- _Problem to work on_: What you return should be the complete listing, unchanged, with no pictures in it.

- _Provided material_:
========================================================================
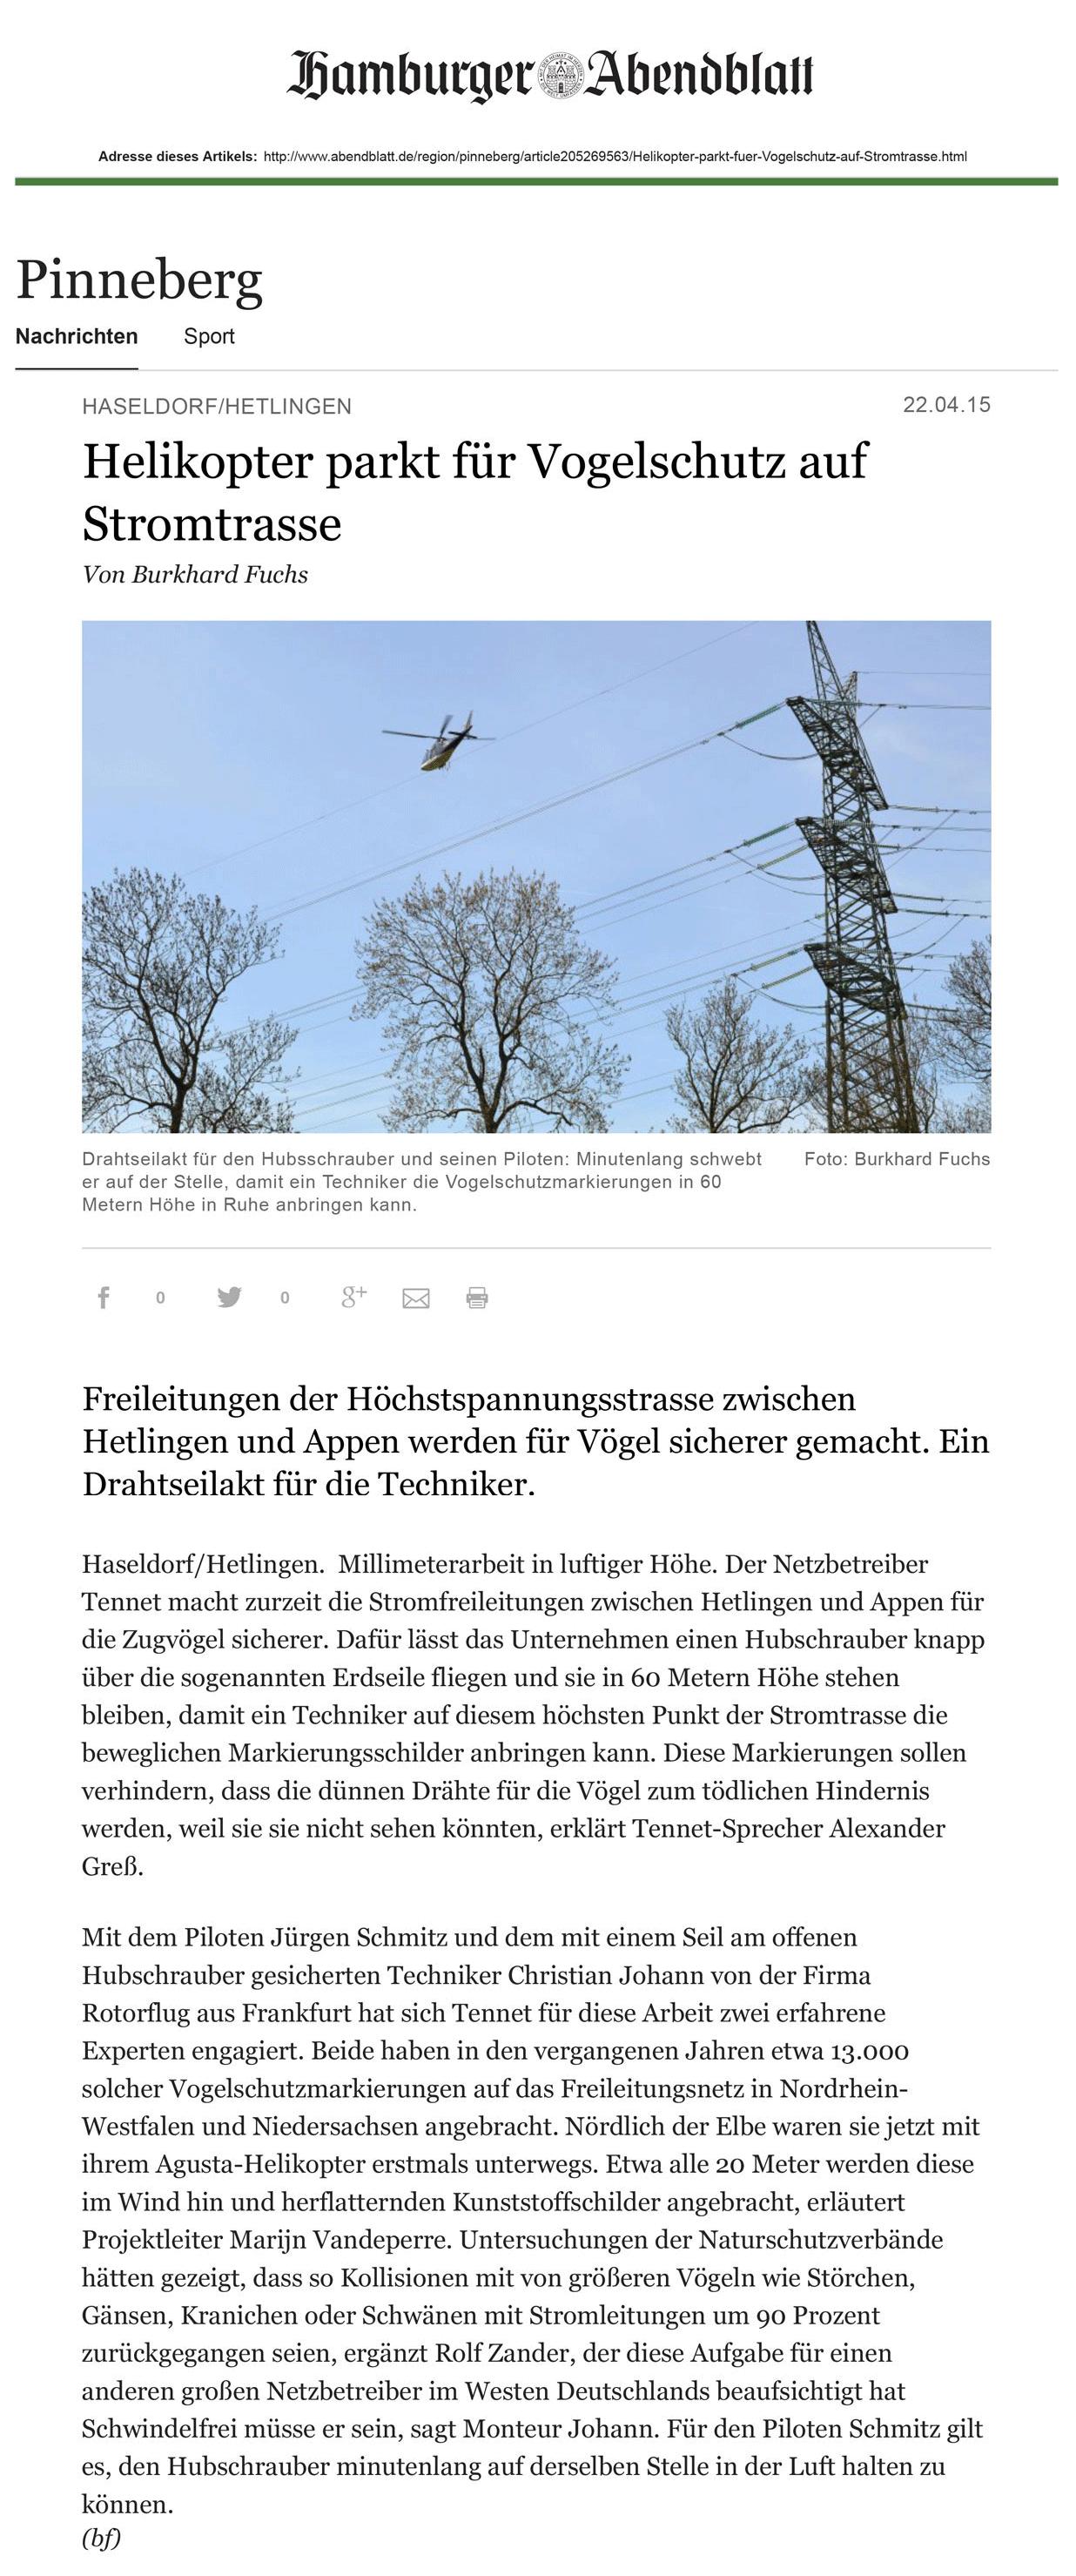 Helikopter parkt für Vogelschutz auf Stromtrasse – Online-Artikel auf www.abendblatt.de
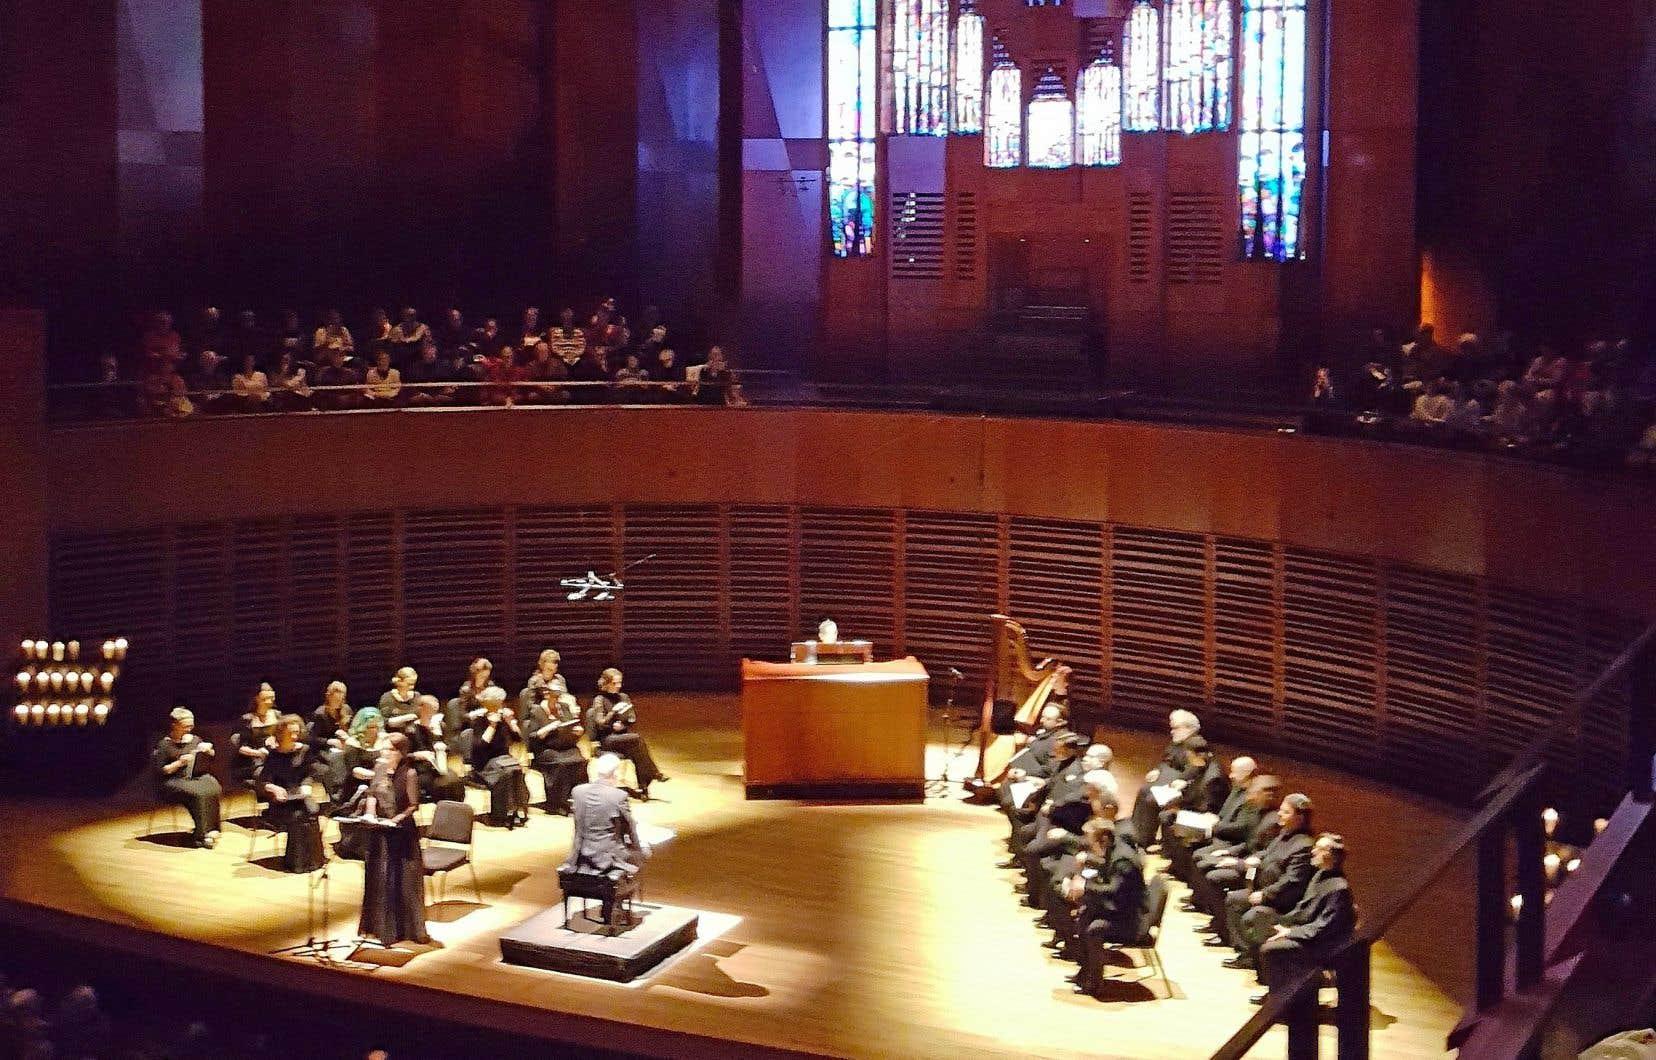 Les fidèles, spectateurs, sont invités à quatre reprises à participer en chantant des refrains connus pendant lesquels l'officiant-chef se retourne vers la foule.
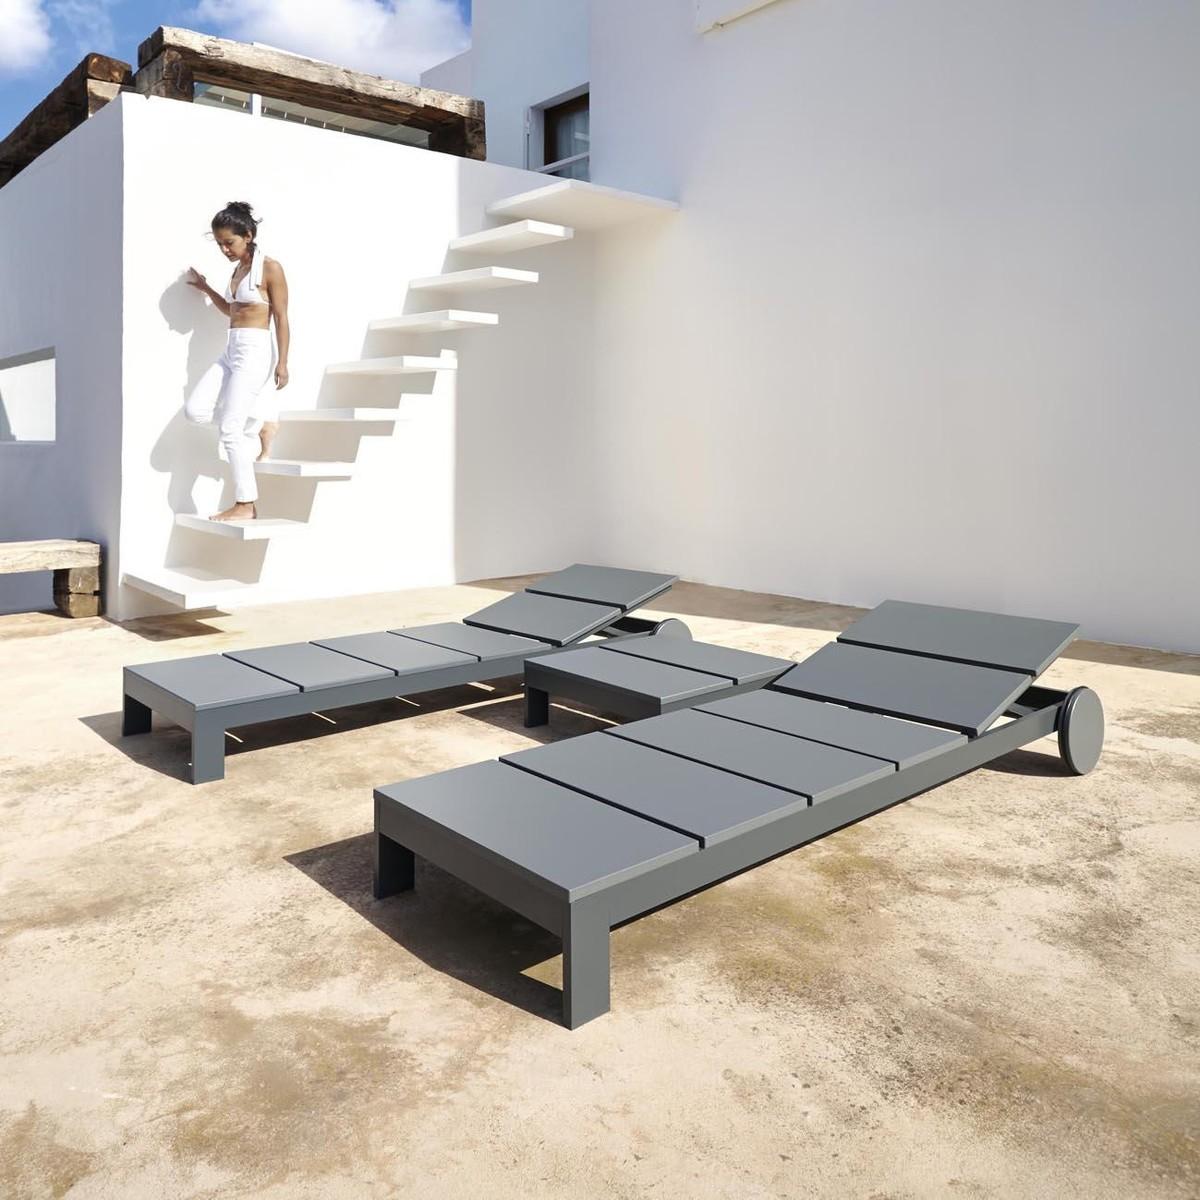 na xemena liege mit rollen gandia blasco sonnenliegen gartenm bel outdoor. Black Bedroom Furniture Sets. Home Design Ideas
========================================================================
- _Output of the exercise_:
 Helikopter parkt für Vogelschutz auf Stromtrasse – Online-Artikel auf www.abendblatt.de
 Les fidèles, spectateurs, sont invités à quatre reprises à participer en chantant des refrains connus pendant lesquels l'officiant-chef se retourne vers la foule.
 na xemena liege mit rollen gandia blasco sonnenliegen gartenm bel outdoor. Black Bedroom Furniture Sets. Home Design Ideas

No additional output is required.